Os fãs de Sakaguchi que puderam jogar fizeram a festa mas, especialmente num país onde Iphones e Icoisas são menos acessíveis como o Brasil, muitos apenas puderam imaginar o que seria desse jogo. Esse não é mais o caso, pois Sakaguchi conseguiu apoio da Square Enix para portar Fantasian para consoles e PC! Assim, o recentemente subtitulado Fantasian: Neo Dimension chegou ao PC, Playstation 4, 5, Nintendo Switch e Xbox Series S|X em 5 de dezembro.

Nota: Pelo interesse de pontualidade e respeito à estrutura, este texto é dividido em duas partes. Esta que você lê neste momento cobre o jogo até a luta contra o chefe Chaos Serpent, que marcou o fim da primeira parte no lançamento original de IOS. Em alguns dias, esta análise será atualizada com a cobertura da parte 2 de Fantasian. Agradeço a compreensão!
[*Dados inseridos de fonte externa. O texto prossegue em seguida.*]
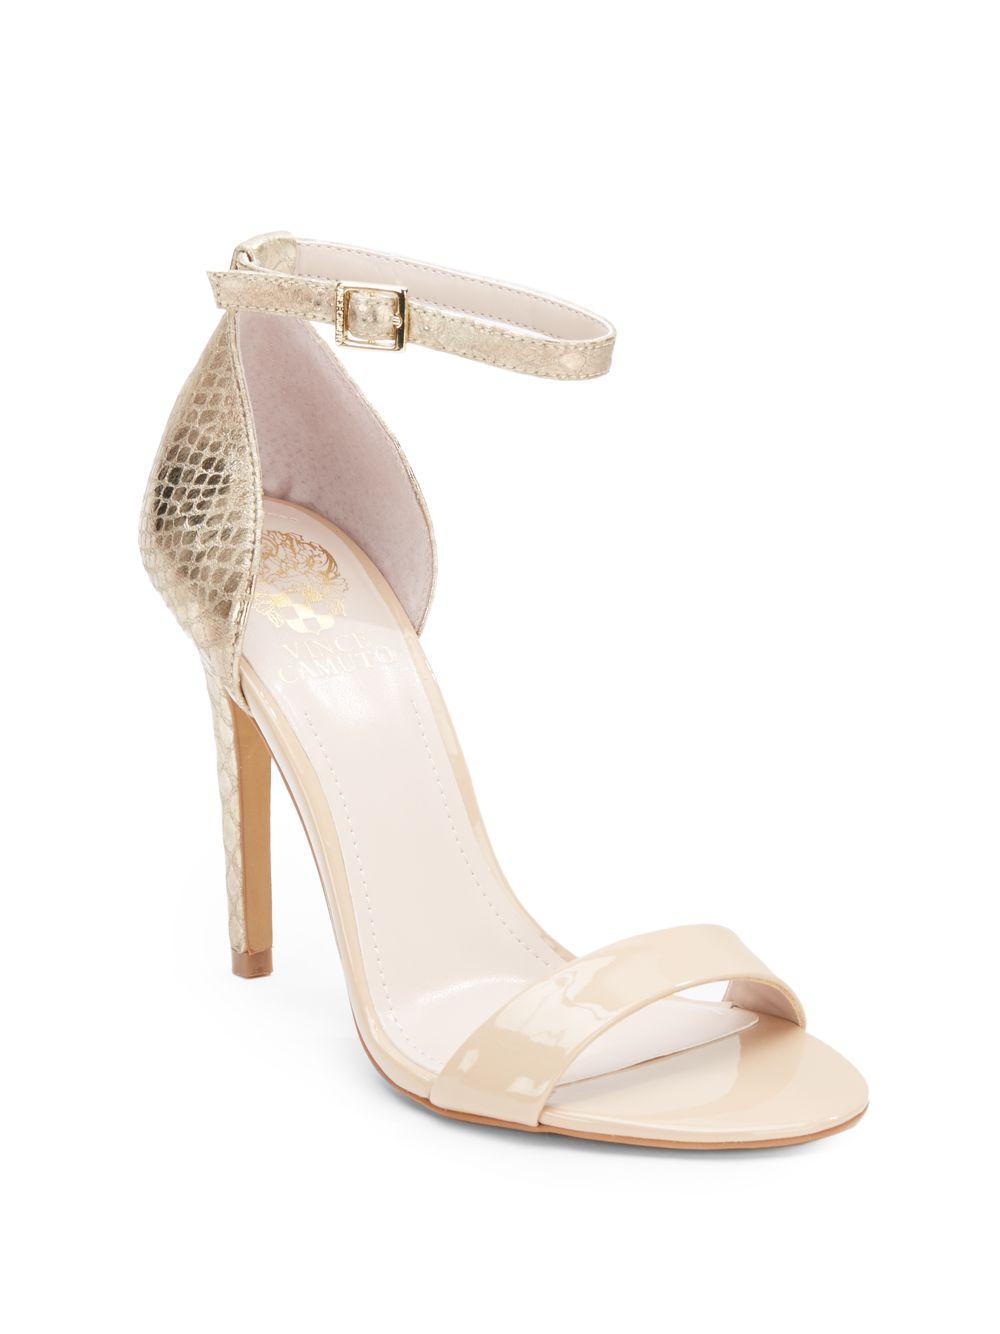 e09735f2008 Lyst - Vince Camuto Allison High-Heel Sandals in Metallic

Nota²: Como a única dificuldade disponível na versão original era o que agora é considerado o modo “difícil”, esta jogatina foi feita nesta dificuldade para representar melhor a experiência original. Mas não se sinta triste se preferir jogar no normal! Fantasian não é um jogo tão fácil.

Que dor de cabeça!

O legado dos JRPGs da Mistwalker é alvo de mistificação entre os fãs de Final Fantasy — muitos sabem da existência de seus jogos de alto orçamento da sétima geração como Lost Odyssey, Blue Dragon e The Last Story mas, como eles não venderam tanto, eles ainda estão perdidos ao tempo. Sim, essa é a minha maneira de explicar que não fiz a lição de casa de centenas de horas antes de começar Fantasian como minha primeira experiência do estúdio.
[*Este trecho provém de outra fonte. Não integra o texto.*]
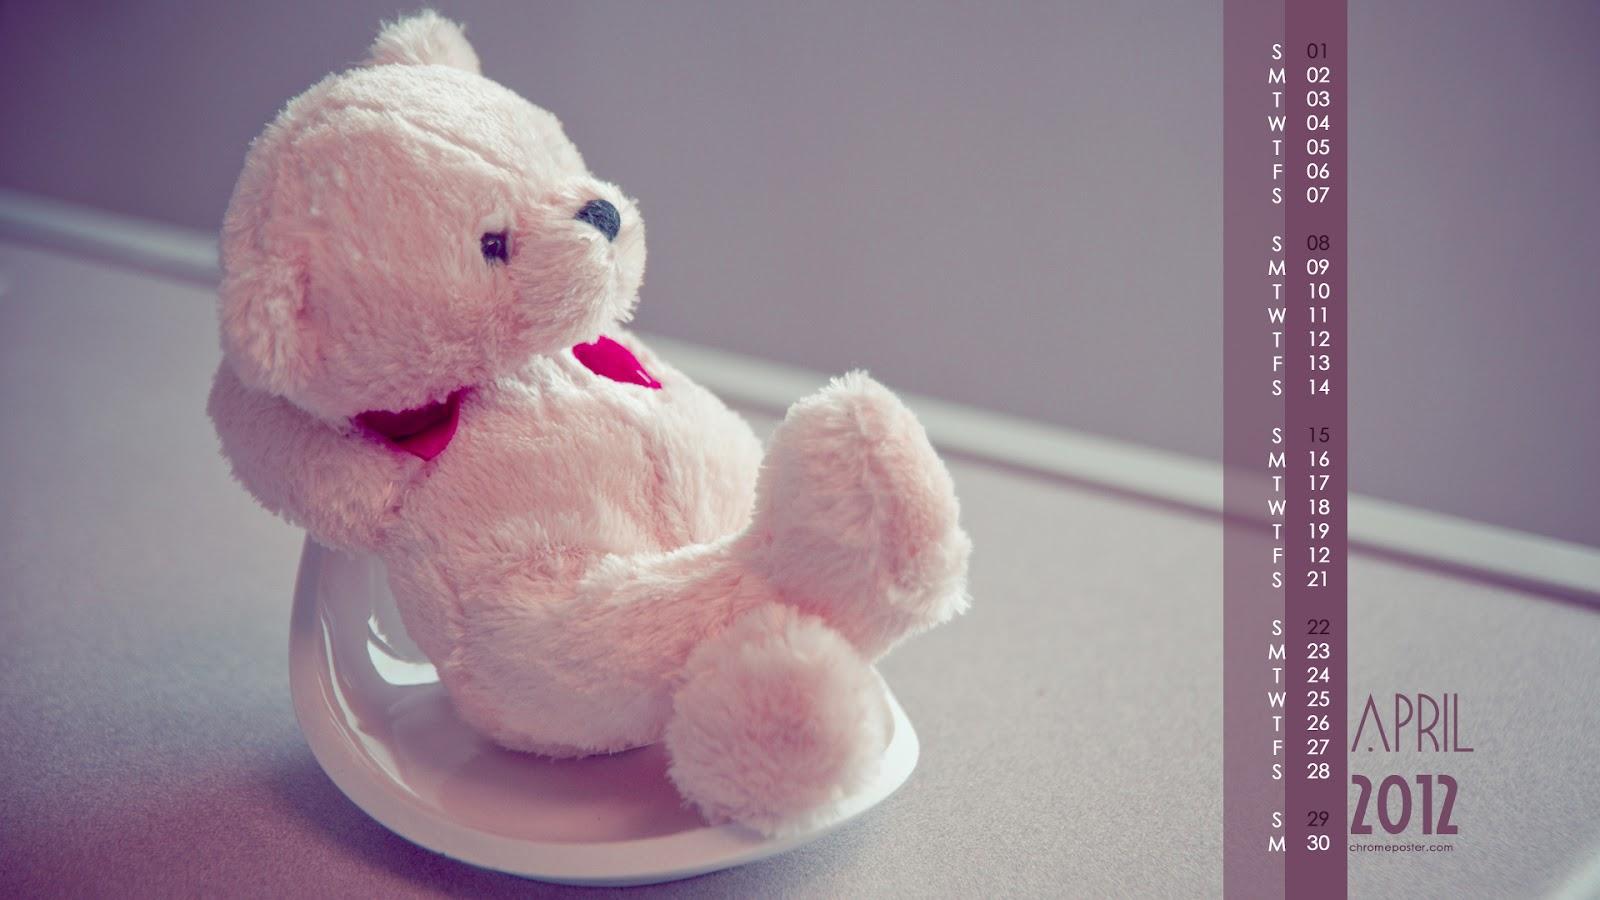 https://2.bp.blogspot.com/-jAUYGclbe4U/T3SLoxEz5EI/AAAAAAAAGiE/uQ7Ahf5a7KI/s1600/furry_teddy-1920-x-1080.jpg

Inclusive, eu também era uma dessas pessoas clamando pelo lançamento de Fantasian em outras plataformas. Amo os primeiros três Final Fantasy de coração, por mais que apenas tenha jogado as versões Pixel Remaster e 3D remake deles. Eles exuberam uma ambição enorme narrativa e estrutural enquanto ainda seguem as convenções do gênero até então estabelecidas por jogos como Dragon Quest.

Parte do apelo de Fantasian está em seu pedigree. Ele é encabeçado por Sakaguchi e esbanja composições de Nobuo Uematsu (outro importado de Final Fantasy) em sua trilha, possui grana da Apple envolvida em seu orçamento e resolve, ainda assim, se manter tradicional da forma mais espaguete possível. O combate é completamente em turno, sem sistema de ATB, como nos Final Fantasy de Nintendinho; a narrativa é uma força constante, mas ainda reservada, como em JRPGs de PS2; e suas dungeons e cenários são pré-renderizados em contraste com os personagens 3D, como em JRPGs de PS1 — ah, e eles são todos construídos amorosamente com maquetes de tirar o fôlego.

Fantasian: Neo Dimension análise

Desde os locais extremamente detalhados como o oeste da capital Vibra até a esparsa Ancient Hill, que parece ter sido fotografada com o frescor de sua construção ainda evidente. O estilo escolhido para suas folhagens em seu planalto destacável difere de outras áreas florestais. Elas estão todas afuniladas em arbustos densos que parecem ínfimos quando contrastados com o protagonista Leo caminhando por eles. De resto, pequeninas rochas são decoradas com escadas e pontes, e uma grama rasa cuida do resto. É muito lindo!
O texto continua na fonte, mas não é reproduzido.